Sentimental analysis using tweets to determine future outcomes
This is an experimental project where I try to predict future outcomes, in this case, the 2019 Indian elections using the present sentiments depicted in recent tweets.
- For this case, six official twitter handles have been considered, namely:
- BJP4India
- narendramodi
- INCIndia
- RahulGandhi
- NCPspeaks
- PawarSpeaks I have considered 2 representative twitter handles for each of the three largest national political parties in India. I could have considered more but was largely limited by twitters apis(Details below)
-
Recent @mentions of the above twitter handles are fetched using the twitter api. (Problems faced using the twitter api are explained below)
-
These fetched tweets are then given a score based on the valence(Negative or positive psychological value) of the subject of the tweet.(text and emojis)
-
An aggregate of the scores is calculated for each twitter handle. This aggregate score depicts the public's cumulative "state" of mind about that particular political figure.
-
All the tweets along with the scores are depicted here: PollPRedict
- Tweets are scored based on the AFINN. Simply put, sentences are tokenized and checked for positive and negative words according to the AFINN dataset. Same applies to emojis.

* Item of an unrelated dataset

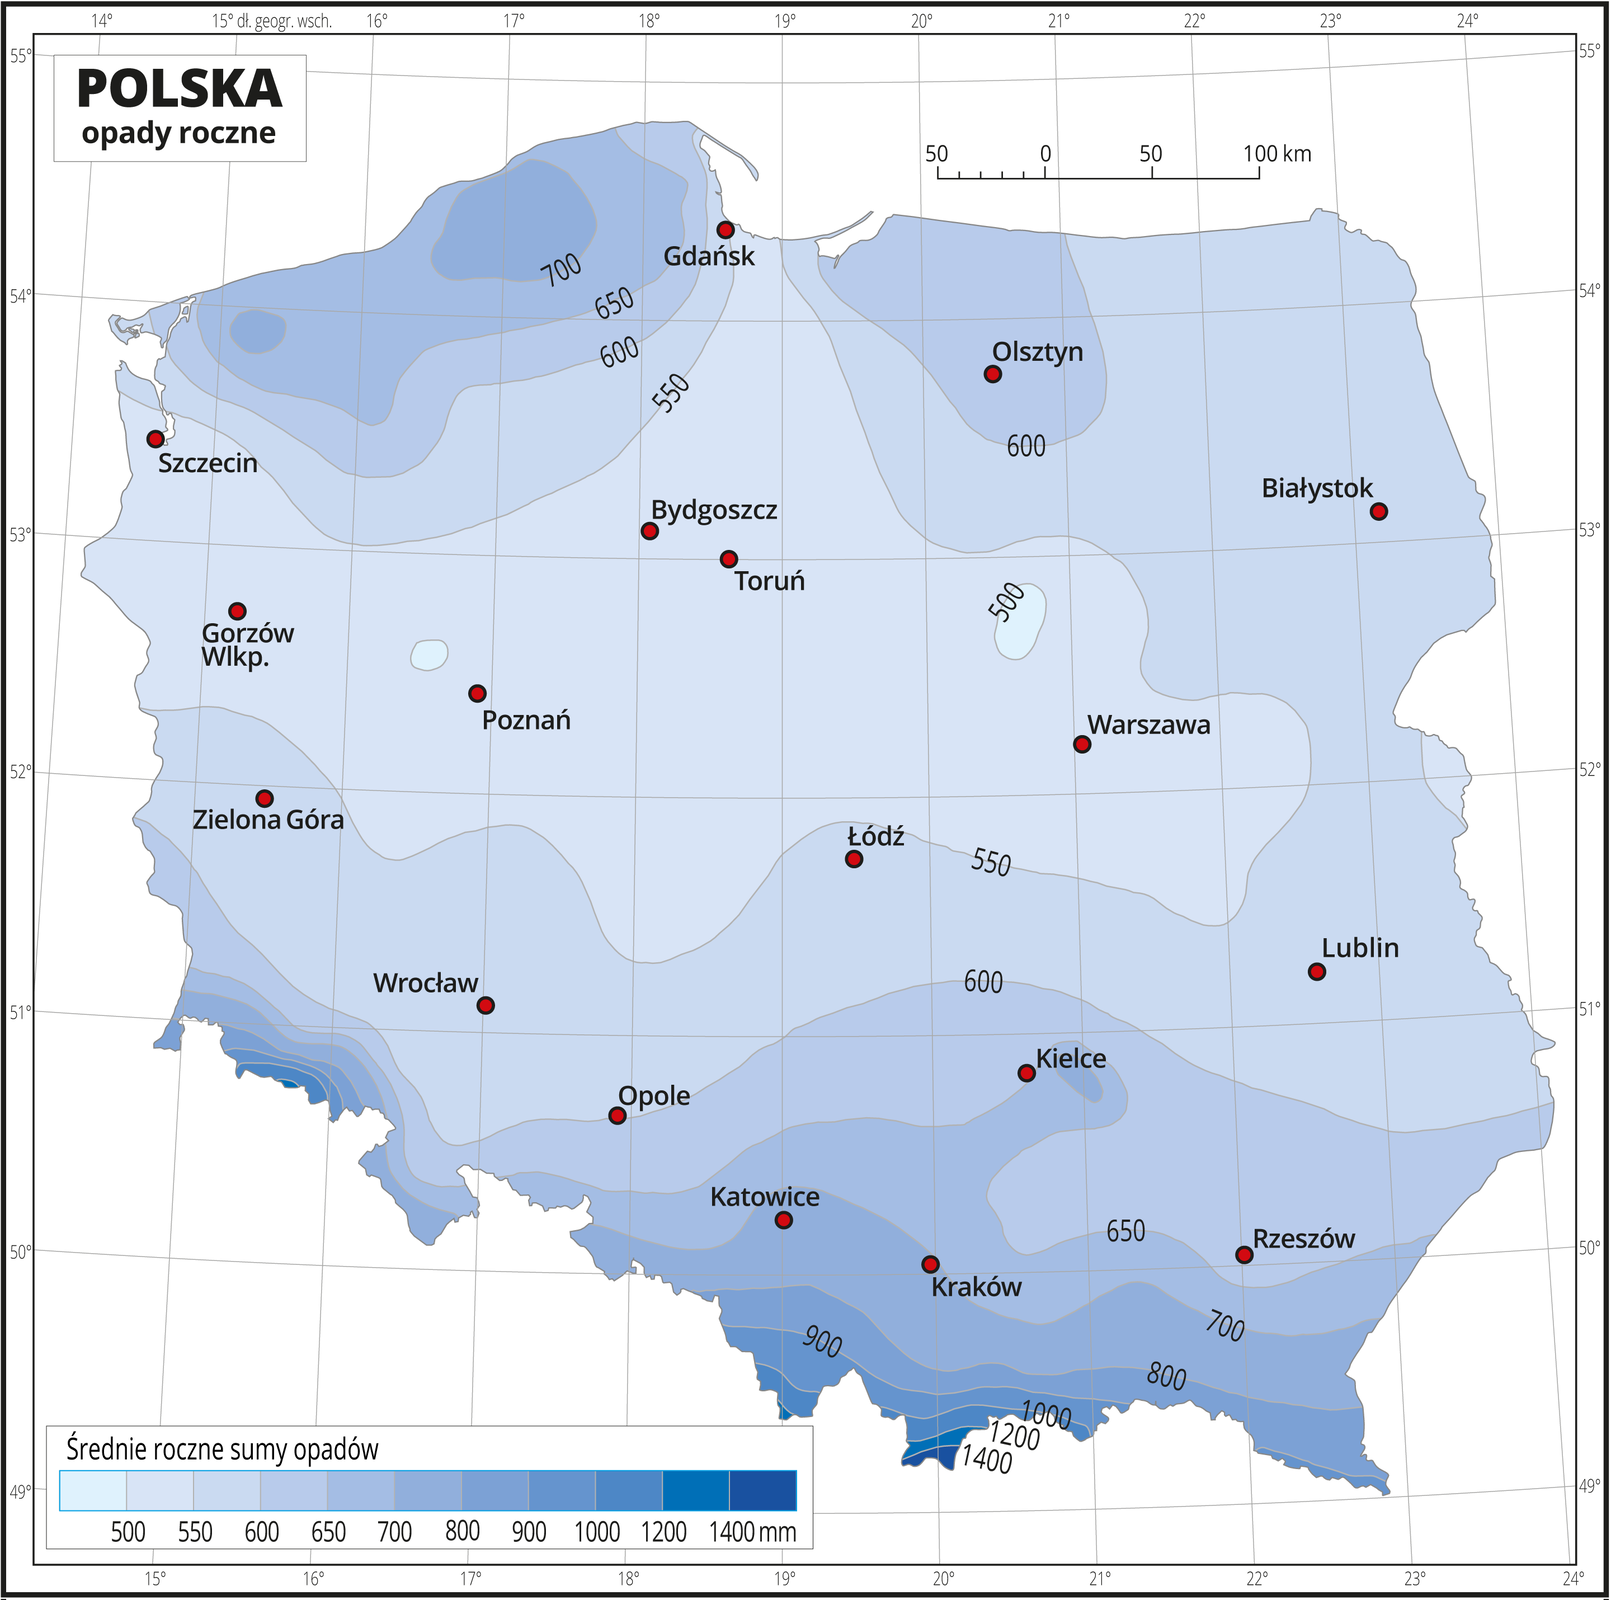 Ilustracja przedstawia mapę Polski. Na mapie odcieniami koloru niebieskiego zaznaczono średnie roczne sumy opadów. Na izohietach opisano średnie roczne sumy opadów. Centralną część mapy zajmuje kolor jasnoniebieski przechodzący w ciemnoniebieski w kierunku północnym i południowym. Najciemniejszy niebieski jest na południu. Czerwonymi punktami zaznaczono miasta wojewódzkie. Mapa pokryta jest siatką równoleżników i południków. Dookoła mapy jest biała ramka, w której opisane są współrzędne geograficzne co jeden stopień. Poniżej mapy w legendzie umieszczono prostokątny poziomy pasek. Pasek podzielono na jedenaście części od jasnoniebieskich do ciemnoniebieskiego. Każda część paska obrazuje przedział średniej rocznej sumy opadów. Opisano izohiety od pięćset milimetrów do tysiąc czterysta milimetrów, początkowo co pięćdziesiąt milimetrów, powyżej siedemset milimetrów co sto milimetrów, a powyżej tysiąca milimetrów co dwieście milimetrów.
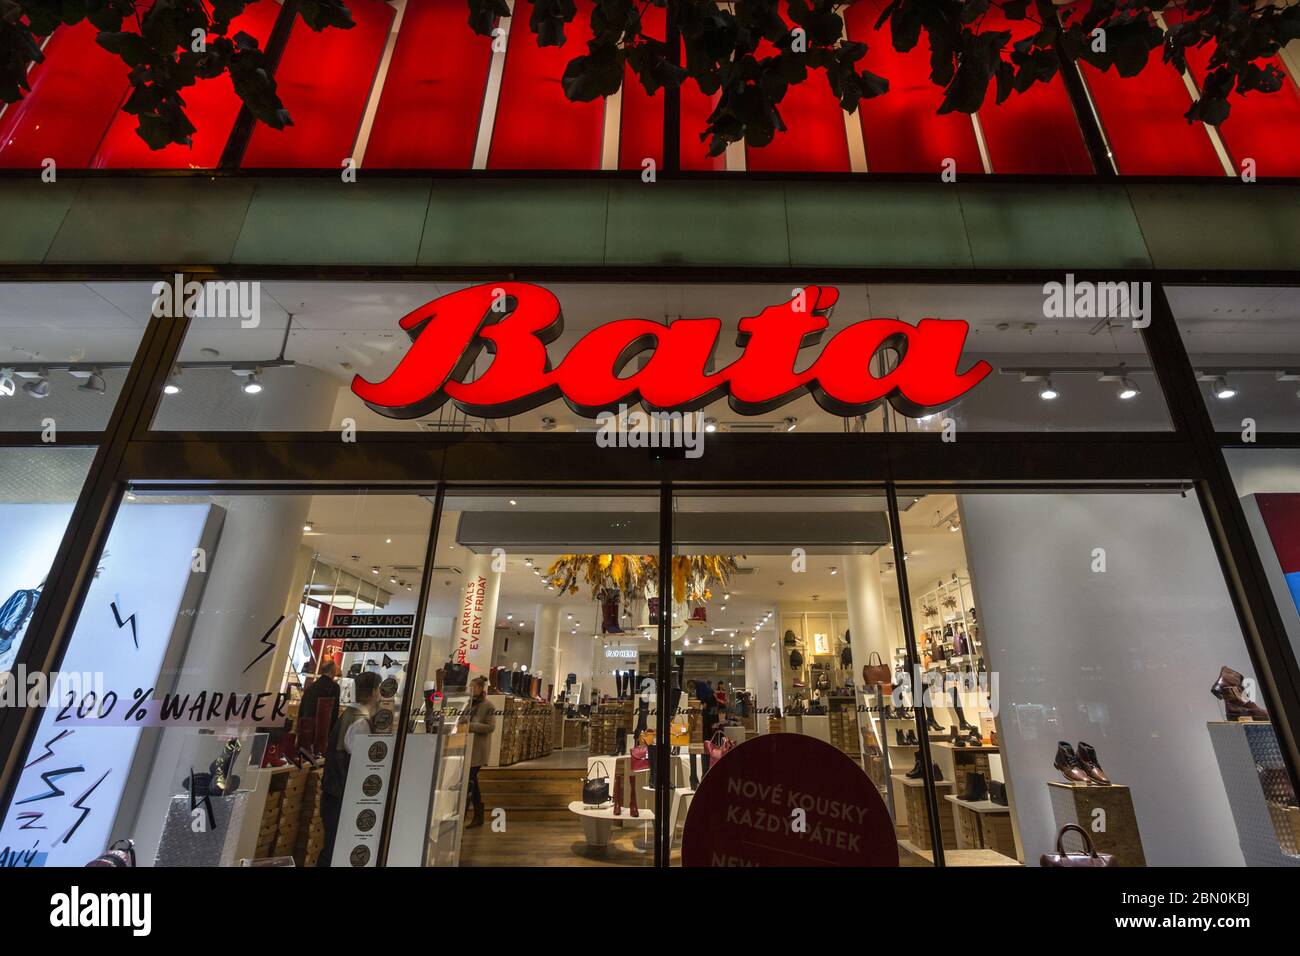 PRAGA, CZECHIA - 31 OTTOBRE 2019: Le scarpe Bata firmano davanti al loro negozio locale a Praga. Bata è un produttore e rivenditore di calzature e calzature per la produzione di calzature Foto Stock

- Twitter is the network of choice.
- English is the language of choice. (However, other languages can be added later)
-
Twitter has started limiting developers after the Cambridge Analytica debacle. So I was given a limited number of times I could request Twitter for data, plus, only a 100 tweets per request :-(.
-
Since I used the free tier of the api, I was not able to request unique @mentions from the get go. I was able to only request tweets which sent retweets, quoted tweets etc that I did not want to consider for this project. I wanted only unique twitter @mentions.
-
Sorting through retweets was a hassle since tweets from big political figures tend to get retweeted a lot(couple tens of thousands). However I figured out a way to get some more data out of the requests instead of being completely useless for this project.
- Additional languages can be added.
- Other social networks can be incorporated.
- Data from other twitter handles can be used.
- Add some way to deal with tweet shorthands and wrong spellings.
- Live tweet filtering and scoring can be implemented.